People say, “Well, I need the Holy Spirit so that it can understand the Bible.” Calvin said just the opposite. Get into the Word of God.
[Rushdoony] Yes.
[Sandlin] That is where the Holy Spirit, the Holy Spirit is in the Word of God. He is not somewhere out abstract somewhere out here.
And Luther, despite the fact that he was far from perfect, understood that truth at least in principle, the declaration of the Word of God is what is important, the declaration of the Word. And these ministers, Rush, oh, I could go on and on about this, that a prostitute themselves with all these sort of pragmatic sermons, you know, please the congregation sermons. They have prostituted their calling when they don’t stand up and speak the infallible Word of God.
[Rushdoony] Well, Perfectionism, in particular, has a very powerful influence in this country. It did also in Germany, but its greatest source of influence was in the Wesleyan groups in the United States. They insisted that the works of righteousness were personal in the sense that they were no drinking, no smoking, no gambling, no dancing and so on and so forth. Now some of those may be practices to be avoided, maybe all of them, but the point is: You are dealing with trifles there essentially.
[Sandlin] That is right.
[Rushdoony] You are not dealing with the fact of man’s rebellion against God.
[Sandlin] That is right.
[Rushdoony] And his refusal to obey the law of God. You are saying: In your personal life you can be holier and purer if you don’t do these things ands you have got to come apart from the world. Don’t get involved too much in things including politics. Pull off to the side and do a lot of praying.
[Sandlin] Yes.
[Rushdoony] Separatism of an ungodly sort.
[Sandlin] That is right.
[Rushdoony] We are told to separate ourselves from ungodly people within the Church and ungodly churches.
[Sandlin] Yes.
[Rushdoony] But not from the ungodly in the world, else must we needs go out of this world, Paul says. We are in the world to conquer the world.
[Sandlin] They want separation from responsibility, Rush. That is what they want.
[Rushdoony] Exactly. That is their idea of separation. Separation from responsibility.
Well, the American Christian Church has been in the past the most powerful single force in the world, the most powerful force in history.
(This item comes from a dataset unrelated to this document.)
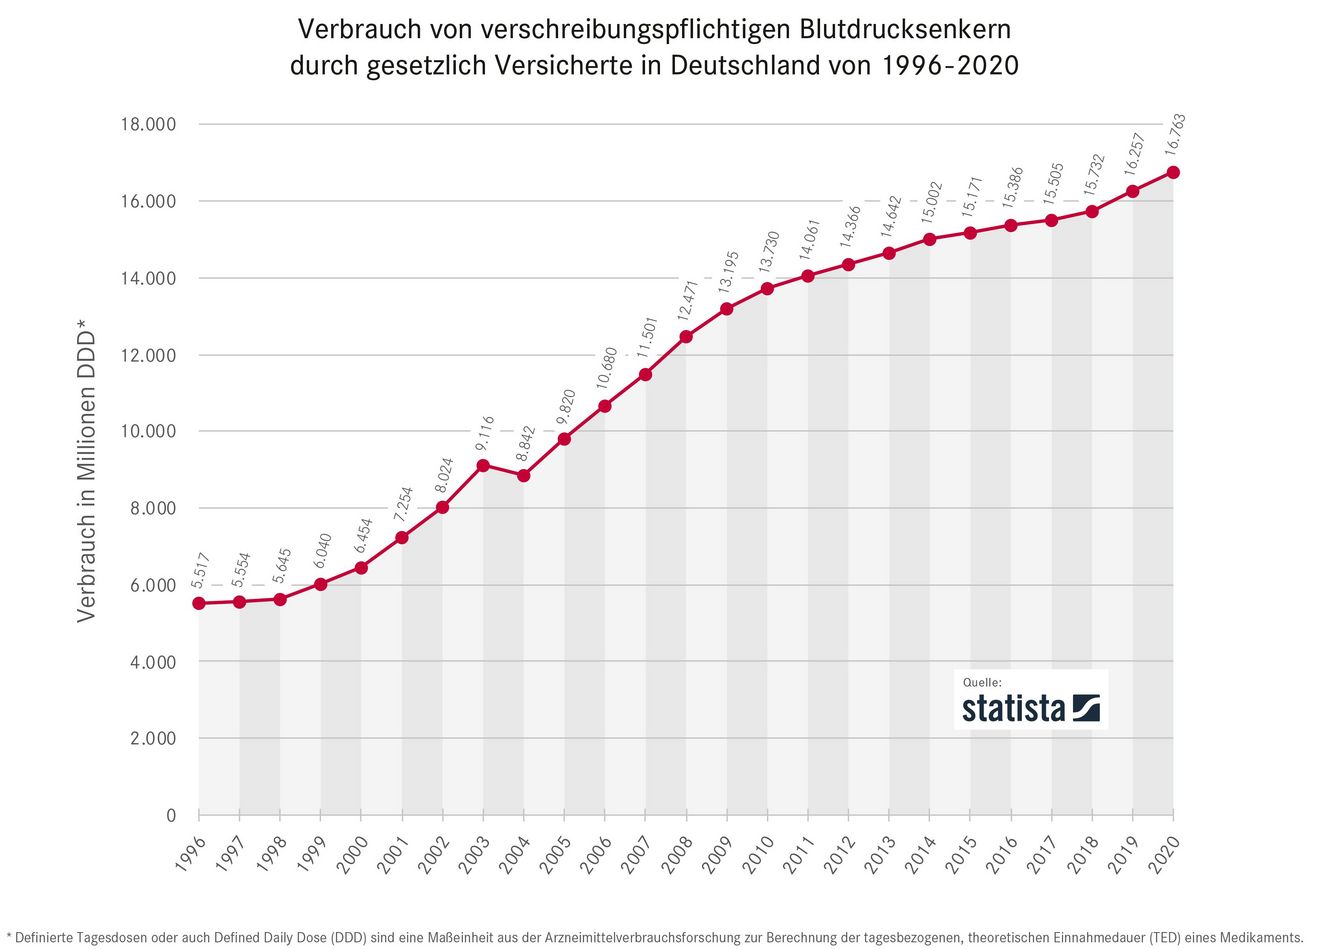 Bluthochdruck - Arzneimittelverbrauch in Deutschland 1996 bis 2020

It created a world wide missionary movement in the last century which changed the face of the world. We are still coasting on some of the benefits of what the Christians of the last century and of pre World War... World War I era did. Since then we have been moving in the wrong direction. And we have not assumed a responsibility. We have stressed personal holiness to the exclusion of commanding men and nations with the holiness of God. And the result has been a growing irrelevance of the Christian Church in the world today. We have today a remarkable fact. More than 50 percent of all adults profess to be Bible believers and born again Christians. And never has the Church been less relevant to the world or to the United States.
[Sandlin] That is right.
[Rushdoony] This is why I regard these movements as disasters that have virtually destroyed Protestantism. And there are some scholars who believe that Protestantism is a spent force, a matter of history, because it has become like the monks of Athos in the Middle Ages imitating Hindu mystics, contemplating their navel. The Eastern Orthodox Church actually condemned a prominent theologian for saying this navel contemplation was sinful. And that is still read in the... in the condemnation, the anathema in the Eastern Orthodox churches on a particular day every year.
Well, we have too many navel contemplators. They think the be all and end all of God and of his kingdom and of Christ and of his work is their peace of mind, their soul satisfaction. And they could not be more wrong.
It is frightening to realize how much we have gone astray.
Our time is nearly up. Do you have a final comment or two to make?
[Sandlin] One thing, Rush. What is so... a great irony, is so many of these people will damn Secularism, but they don’t realize it is their very policy of retreat that permits Secularism in the first place.
[Rushdoony] Yes.
Well, thank you all for listening and my especial thanks to Susan Clare Loeffel for a very important question. Thank you and God bless you all.